Dauben et al.. J. Am. Chem. Soc. 104:5780-5781 (1982); J. Am. Chem. Soc. 104;355-356 (1982), disclose the effect of wavelength on the photochemistry of provitamin D₃ and the effect of wavelength on the production of previtamin D₃. The authors found that when provitamin D₃ is exposed to light in the range of 254 nm, it is converted to a variety of photoproducts, the major portion being about 75% tachysterol. This mixture was then exposed to either 300 nm of light, broad-band 350 nm light or 355 nm light to give a build up of previtamin D₃. Dauben et al. conclude that if provitamin D₃ is first irradiated at 0°C with 254 nm light to give a quasi photostationary state of provitamin D₃, previtamin D₃, tachysterol and lumisterol, and the mixture is thereafter irradiated (0°C) with 350 nm light, a maximum of 83% previtamin D₃ is produced. Malatesta et al. _f J. Amer. Chem. Soc. 103;6781-

6783 (1981) , disclose the effects of different UV wavelengths on the relative quantities of photoproducts produced from provitamin D₃.

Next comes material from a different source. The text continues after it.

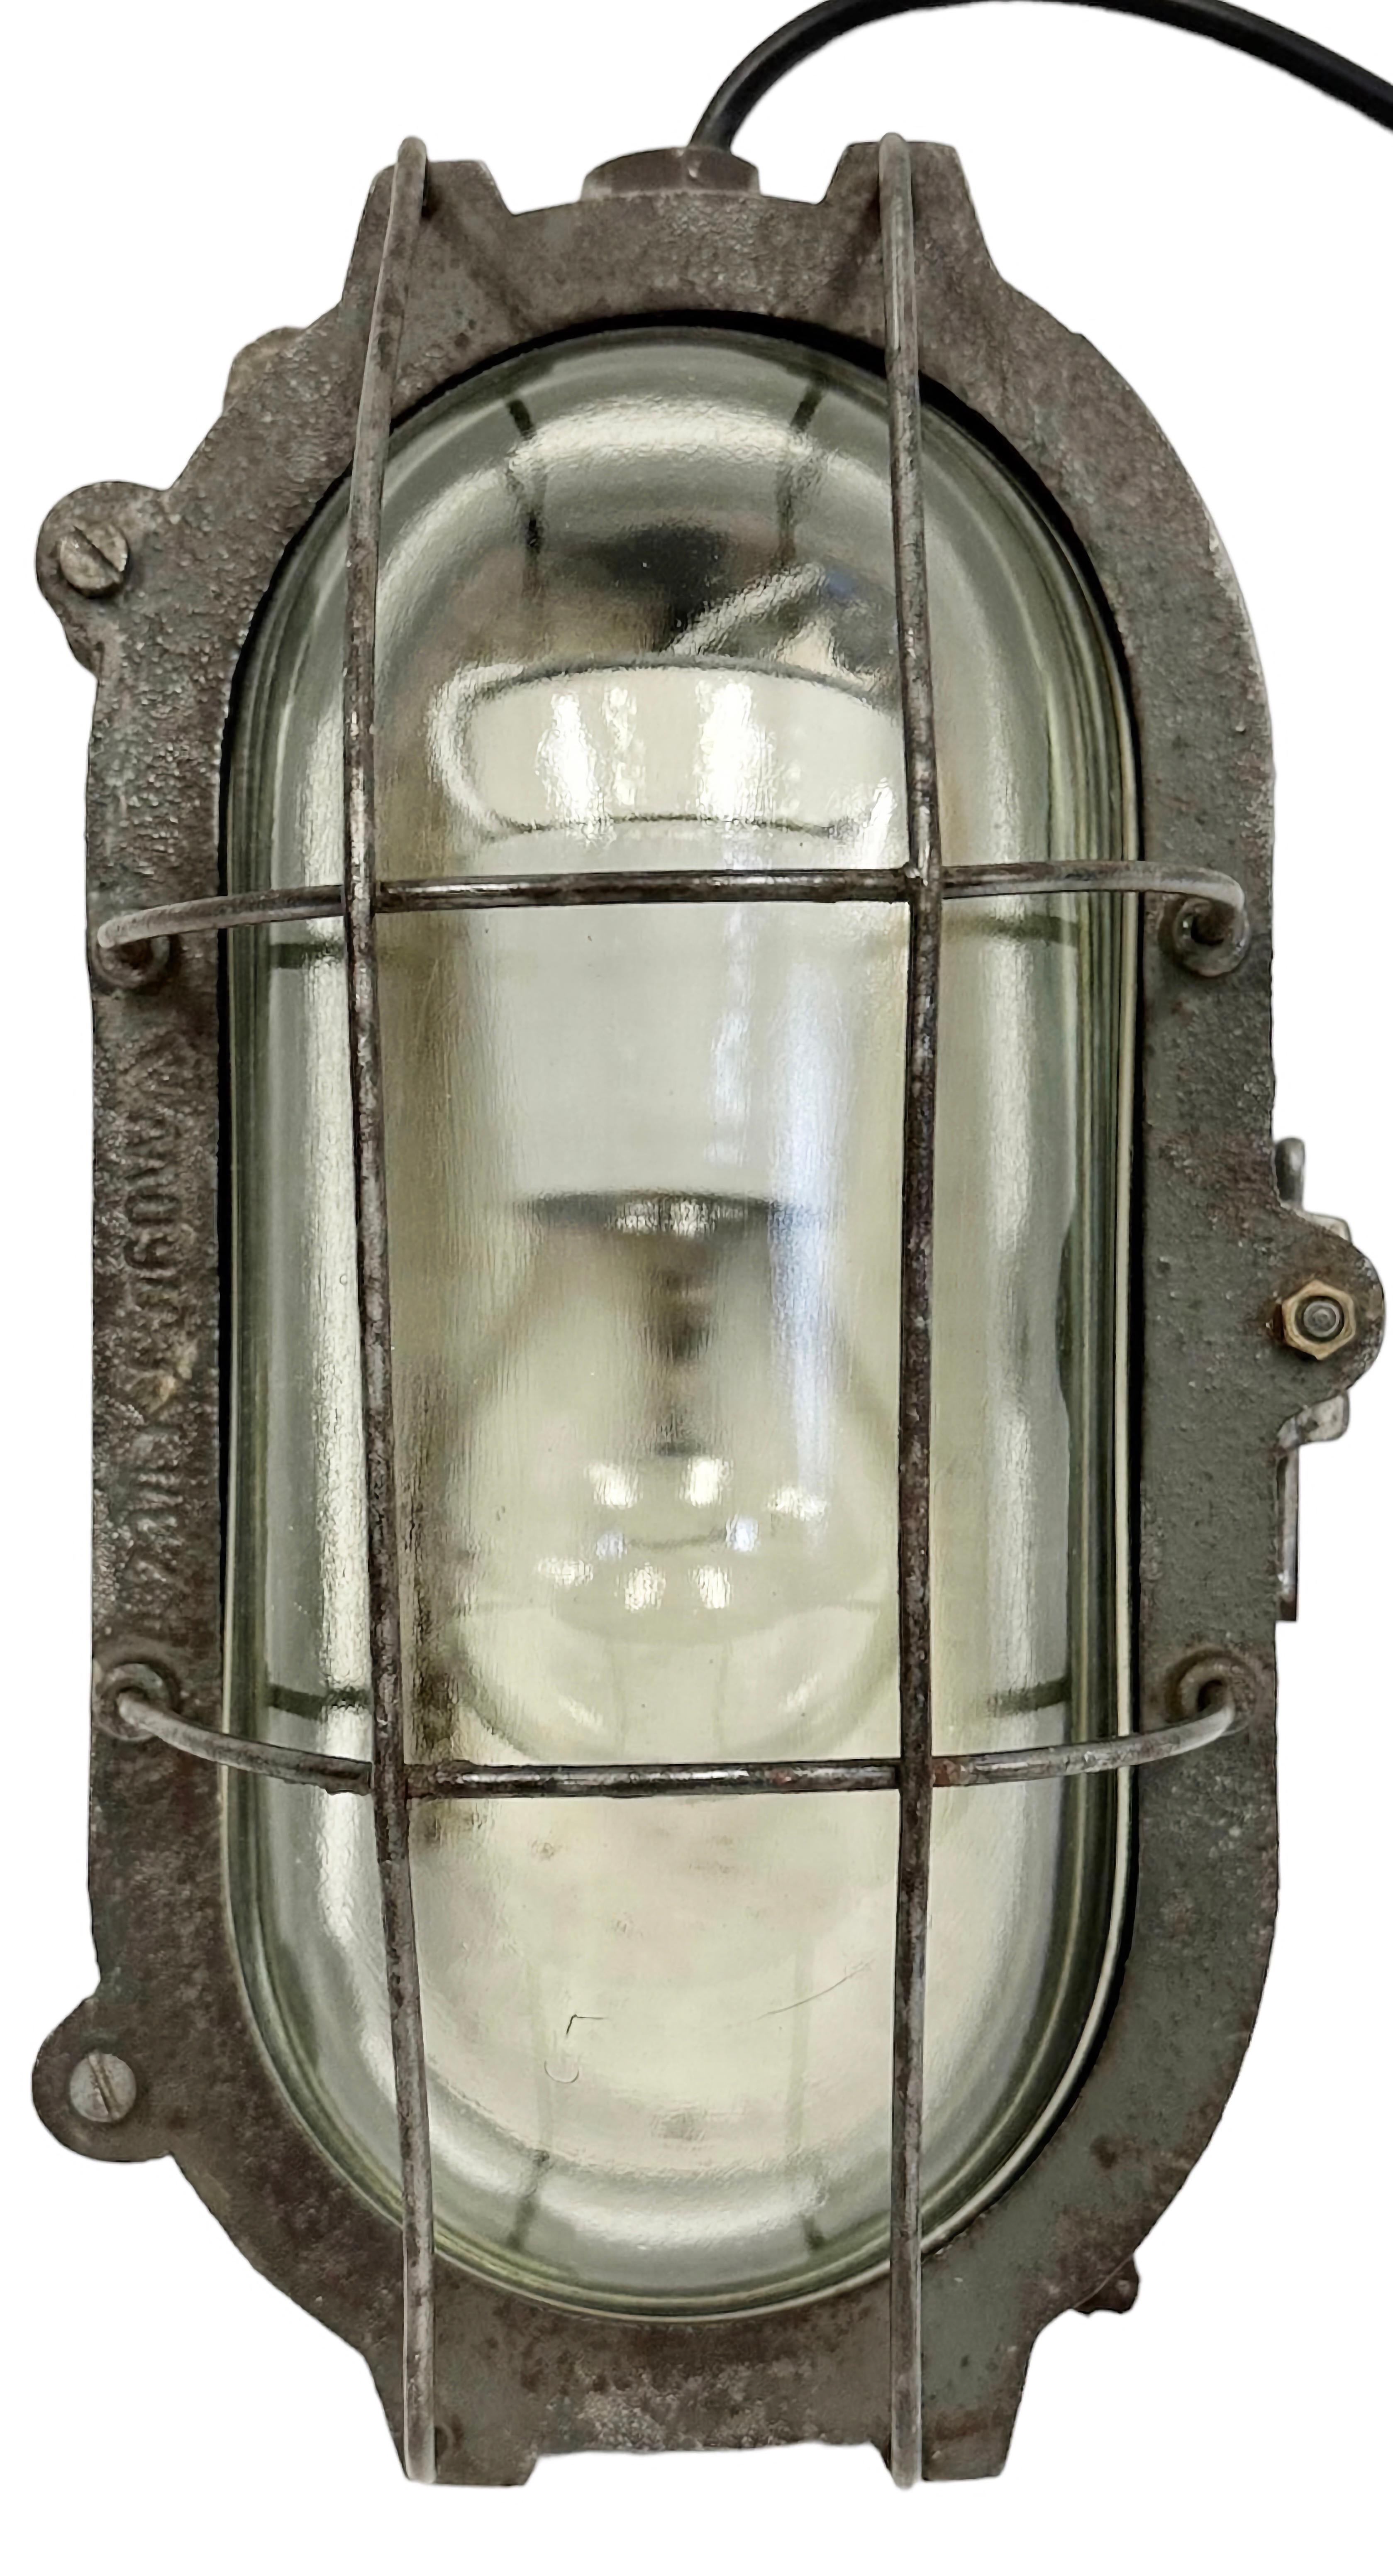 Industrial wall light made in Poland during the 1960s. It features a cast iron body, a clear glass cover and a steel grid.The porcelain socket requires E 27/ E 26 light bulbs. New wire. The weight of the light is 3.7 kg.

Holick et al. disclose that the photochemical conversion of previtamin D₃ to lumisterol and tachysterol is the major factor that prevents vitamin D₃ intoxication after a single prolonged exposure to the sun. Holick et al.. Science 211:590-592 (1981). The corollary to this finding is that lumisterol and tachysterol are two biologically inert products thought to be sloughed off the skin during the natural turnover of the epidermal cells. Provitamin D₂ (ergosterol) is the precursor of vitamin D₂. Vitamin D₂ is one of the major forms of vitamin D that is used to fortify foods such as milk and multivitamins.

SUMMARY OF THE INVENTION

The present invention is related to the discovery that topical formulations comprising lumisterol and tachysterol, analogs and derivatives thereof are effective means of providing previtamin D, derivatives and analogs thereof to individuals. The present invention utilizes the low energy UV photoconversion of lumisterol and tachysterol, analogs or derivatives thereof, to previtamin D, analogs or derivatives thereof, respectfully, as a method of producing vitamin D, analogs or derivatives thereof in the skin.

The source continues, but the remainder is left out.